I’m not sure how good of an analogy AlphaStar is, given e.g. its specialization, the relatively easy availability of a reward signal, the comparatively much less (including for transfer from close domains) imitation data availability and use (vs. the LLM case). And also, even AlphaStar was bootstrapped with imitation learning.
This review of effective compute gains without retraining might come closest to something like an answer, but it’s been a while since I last looked at it.

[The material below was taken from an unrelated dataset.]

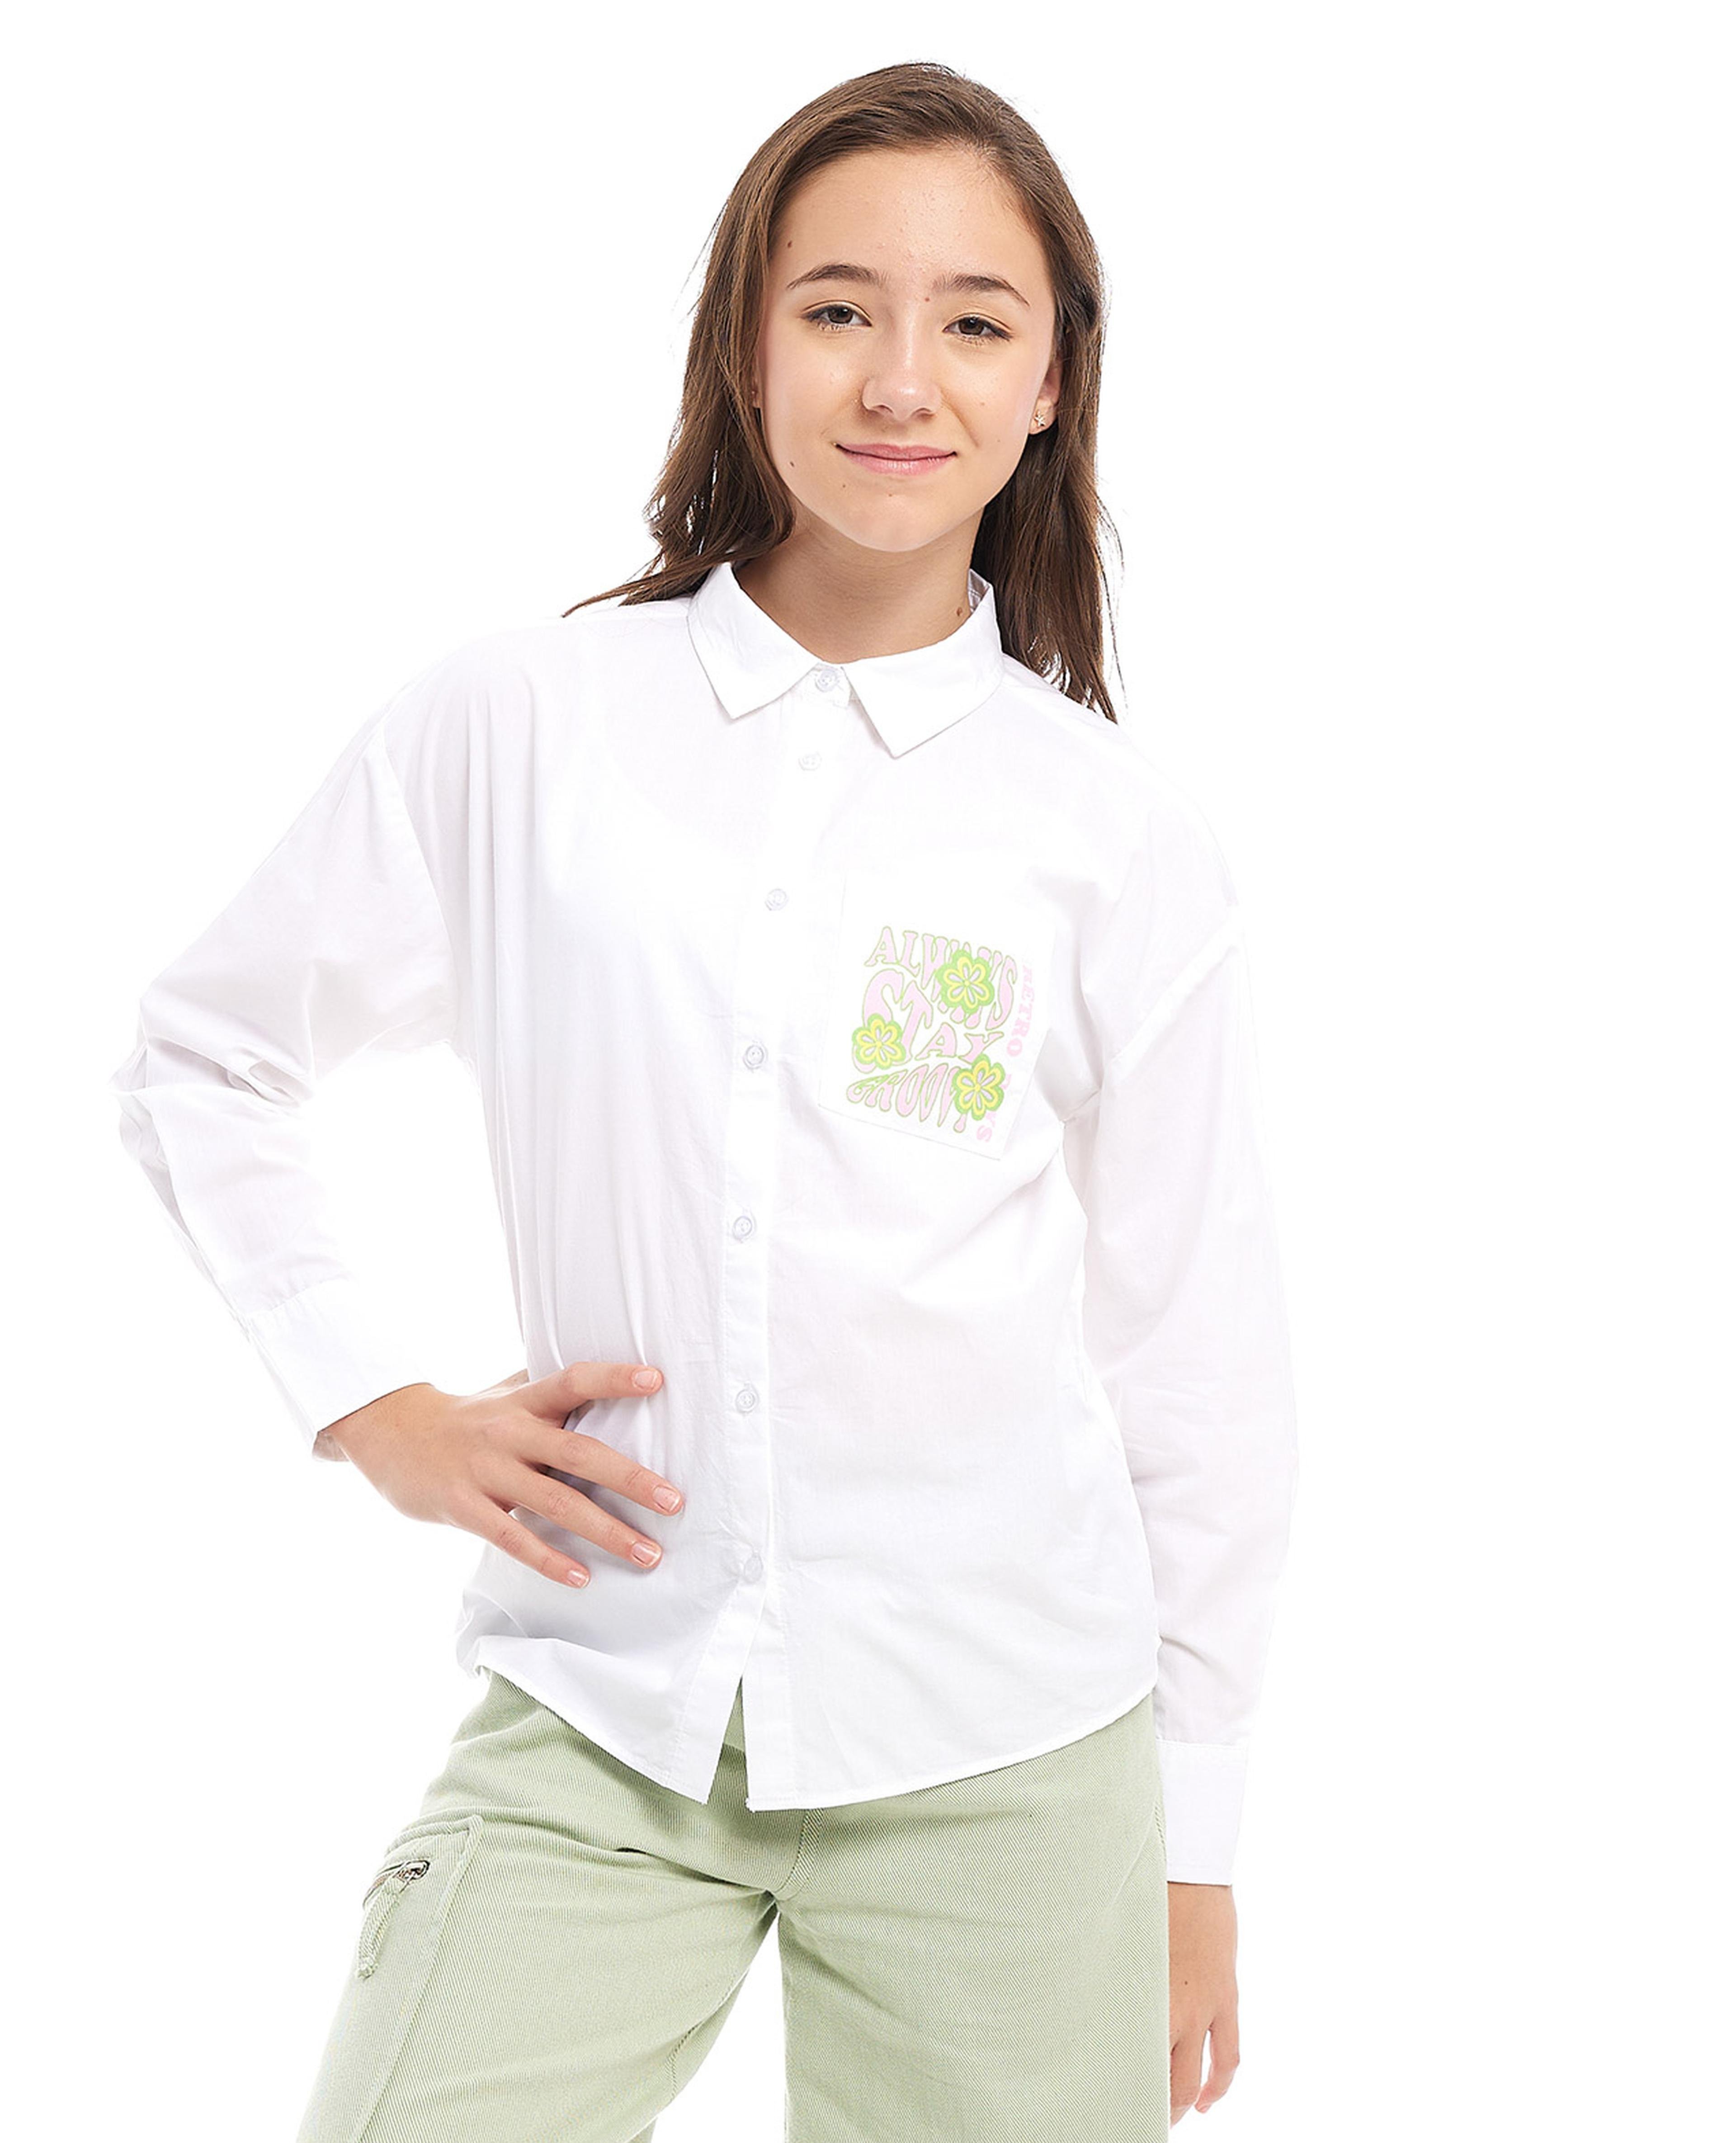 Back Printed Shirt with Classic Collar and Long Sleeves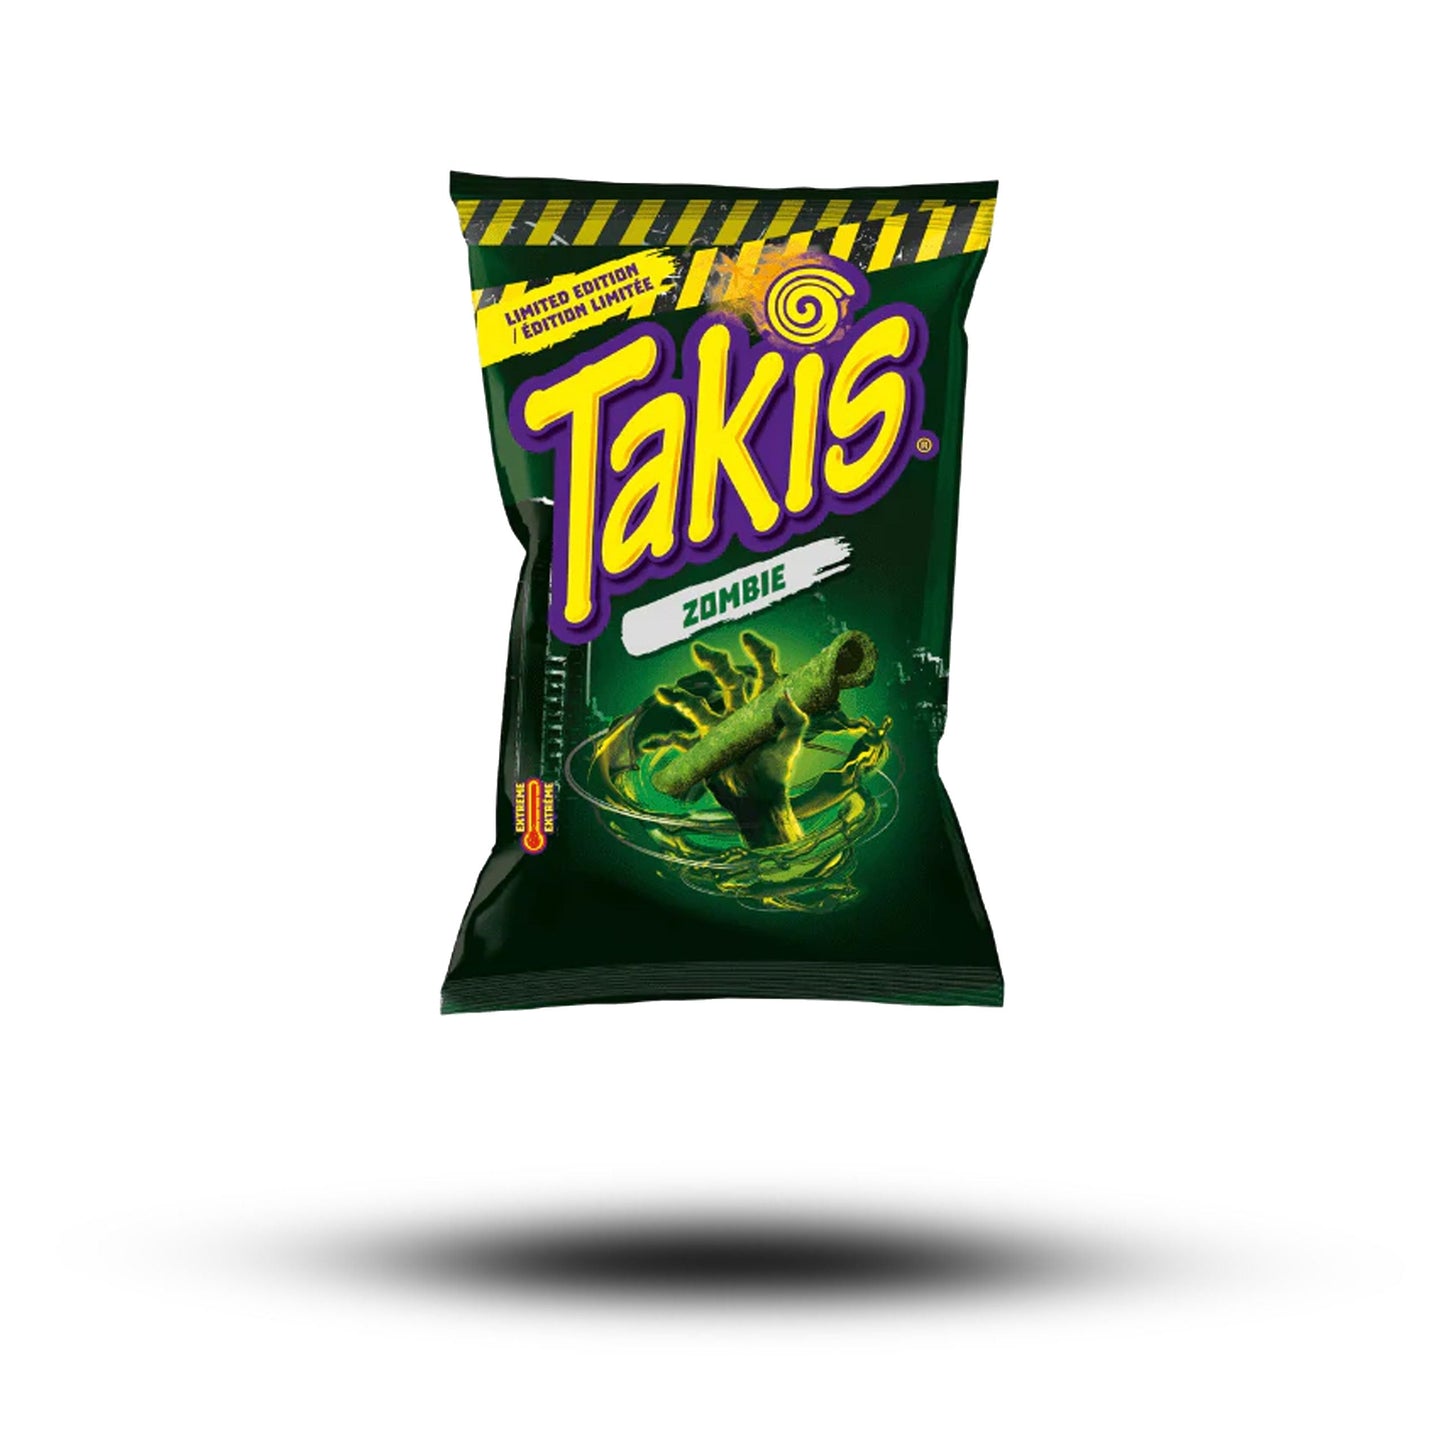 Takis Zombie 280g Limited Edition

I think I (still) largely hold the intuition mentioned here, that deep serial (and recurrent) reasoning in non-interpretable media won’t be (that much more) competitive versus more chain-of-thought-y / tools-y-transparent reasoning, at least before human obsolescence. E.g. based on the [CoT] length complexity—computational complexity tradeoff from Auto-Regressive Next-Token Predictors are Universal Learners and on arguments like those in Before smart AI, there will be many mediocre or specialized AIs, I’d expect the first AIs which can massively speed up AI safety R&D to be probably somewhat subhuman-level in a forward pass (including in terms of serial depth / recurrence) and to compensate for that with CoT, explicit task decompositions, sampling-and-voting, etc. This seems born out by other results too, e.g. More Agents Is All You Need (on sampling-and-voting) or Sub-Task Decomposition Enables Learning in Sequence to Sequence Tasks (‘We show that when concatenating intermediate supervision to the input and training a sequence-to-sequence model on this modified input, unlearnable composite problems can become learnable. We show that this is true for any family of tasks which on the one hand, are unlearnable, and on the other hand, can be decomposed into a polynomial number of simple sub-tasks, each of which depends only on O(1) previous sub-task results’).